A survey of IT and consumer electronics retailers in Australia has revealed that over 90% are unable to demonstrate Internet enabled devices because they have no broadband connection in stores.The shock result comes as major vendors used the CES show in Las Vegas to roll new IP enabled TVs, Ultrabooks, tablets Internet enabled audio systems as well as new IP enabled cash and carry automation systems.
Among the chains that are unable to demonstrate Internet connected devices in their stores are Harvey Norman, Bing Lee, The Good Guys, Myer, David Jones, JB Hi Fi, Retravision, Wow Superstore’s and Betta Electrical.
Terry Smart, the CEO of JB Hi Fi who has a close dealer relationship with Telstra, said that his company was close to rolling out a new broadband network across their retail stores.
Tim Barnes, a senior LG Australia executive said “it is a major problem especially as almost every new IT and consumer electronics device is IP enabled. We have new IP enabled TVs home theatre kits and sound systems. The issue is who will pay, the vendor or the retailer?”

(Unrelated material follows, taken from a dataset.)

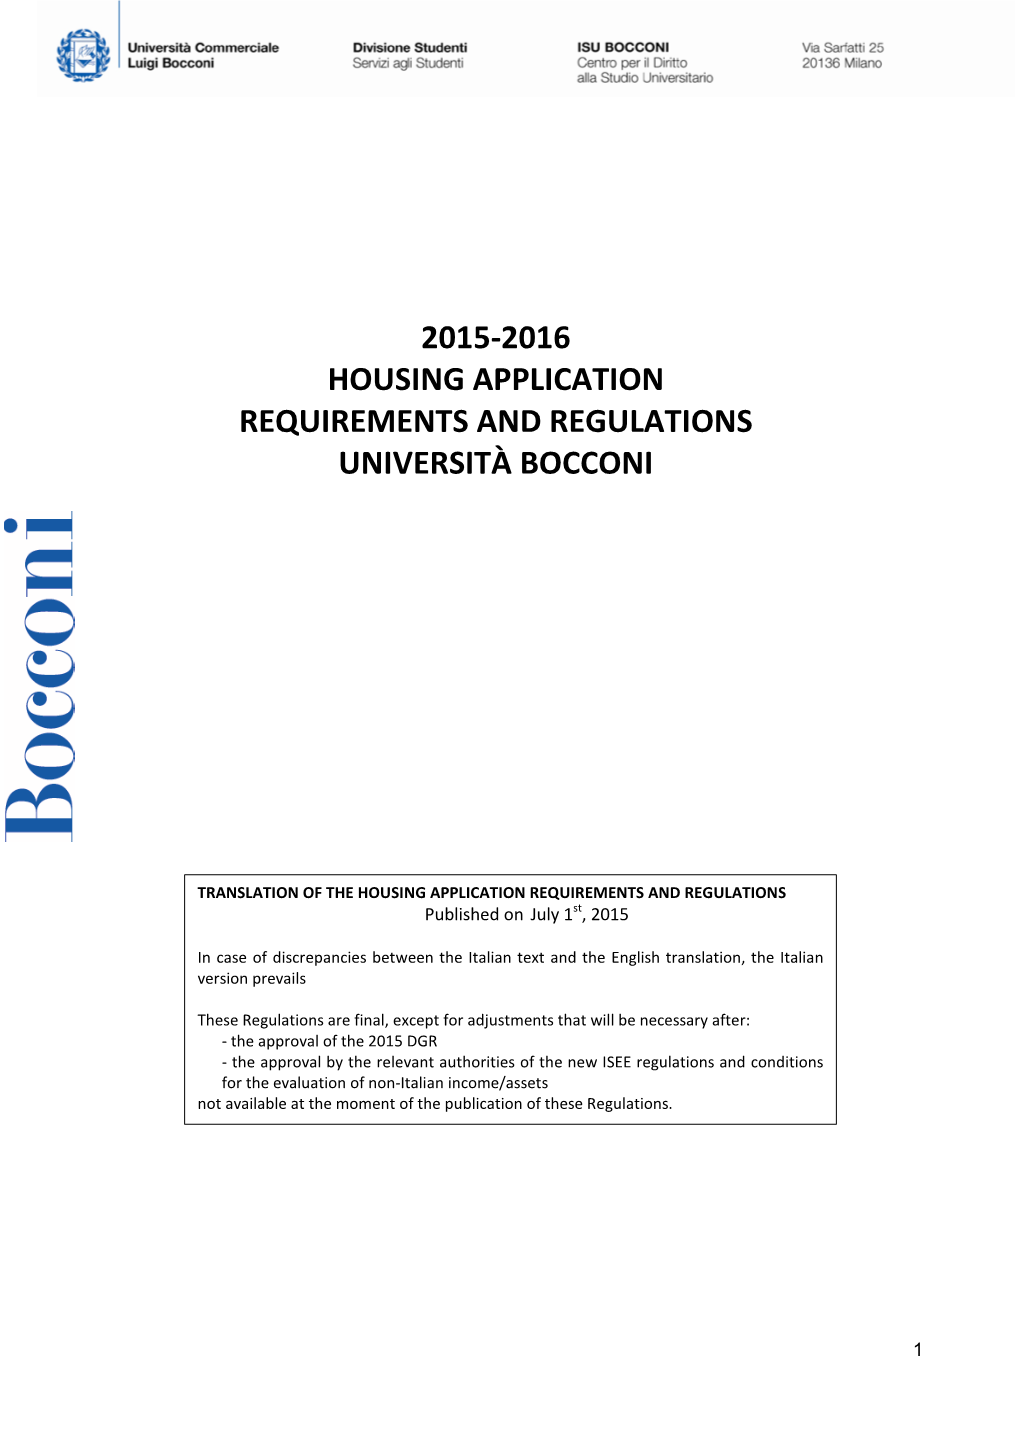 2015-2016 Housing Application Requirements and Regulations Università Bocconi
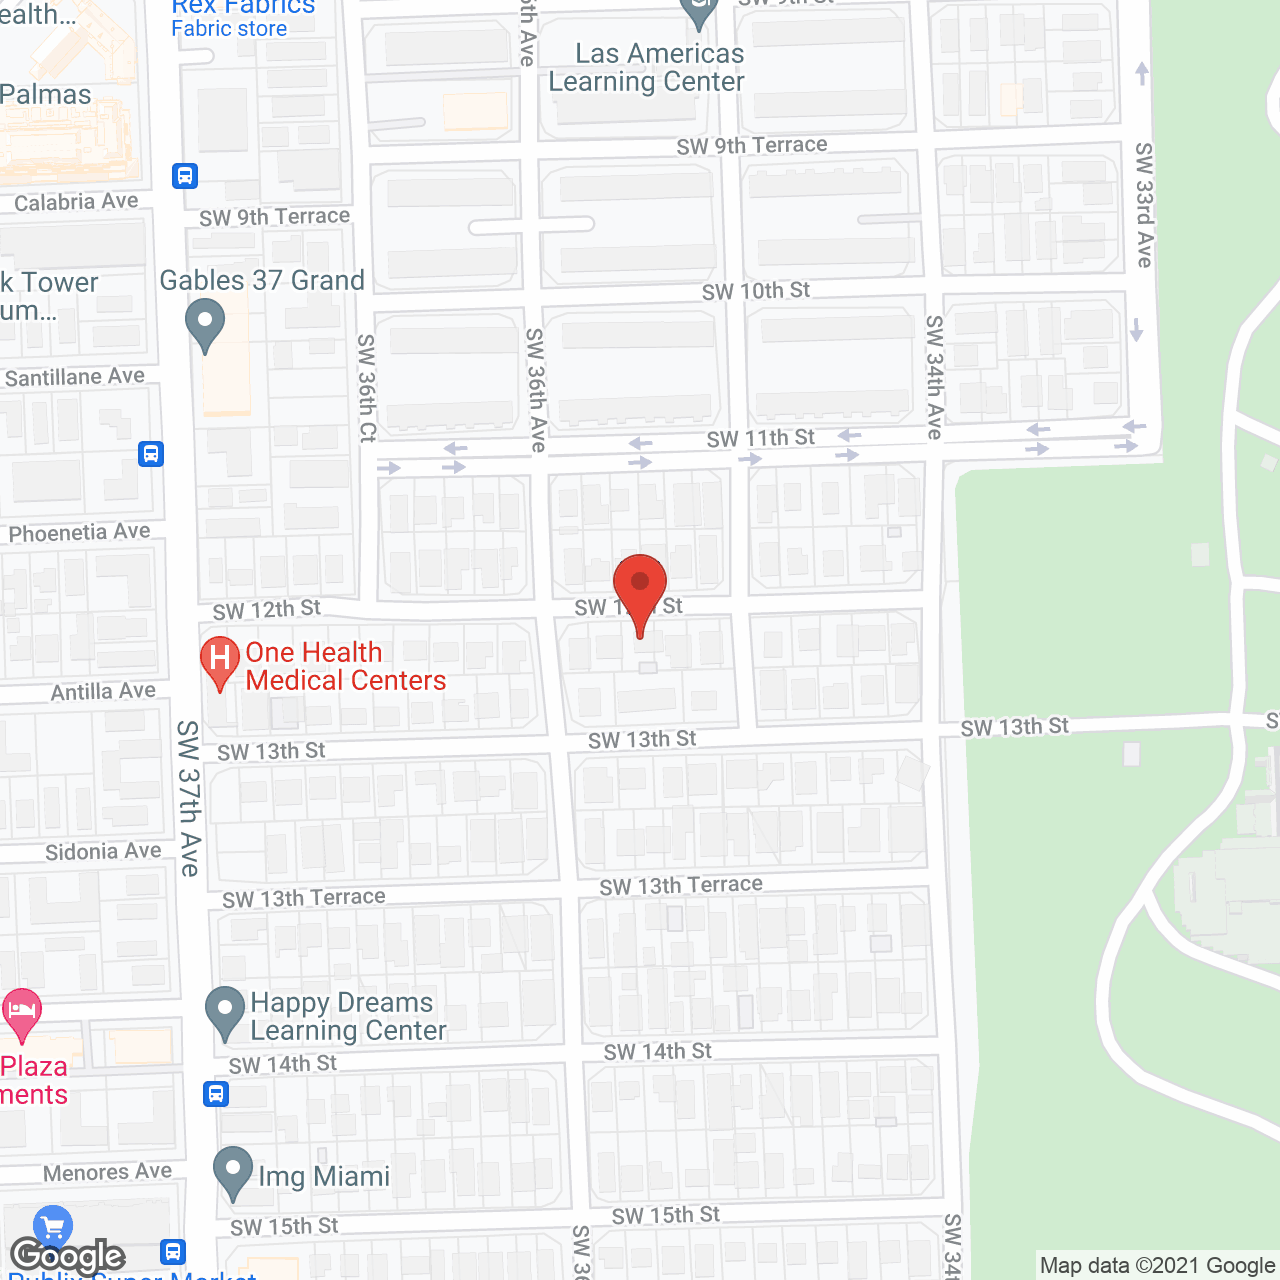 Idalmis Residence in google map

A senior Samsung executive who did not want to be named said “The retailers want the vendors to pay as they see broadband as a cost item. This is not necessarily going to work. Harvey Norman for example sees broadband as a profit centre where each vendor is charged a fee for access to fua Harvey Norman network. It’s a bit like their Co-Op advertising which for them is a big profit earner with all of their advertising funded by vendors”.
The Samsung executive went on to say that the issue is “extremely serious” as the bulk of retailers are now selling IP enabled devices. “If consumer electronics retailers are unable to demonstrate how an IP enabled device works in their stores they are going to lose a sale to the likes of Apple, who not only have Internet in their stores, but allow consumers to browse for free”.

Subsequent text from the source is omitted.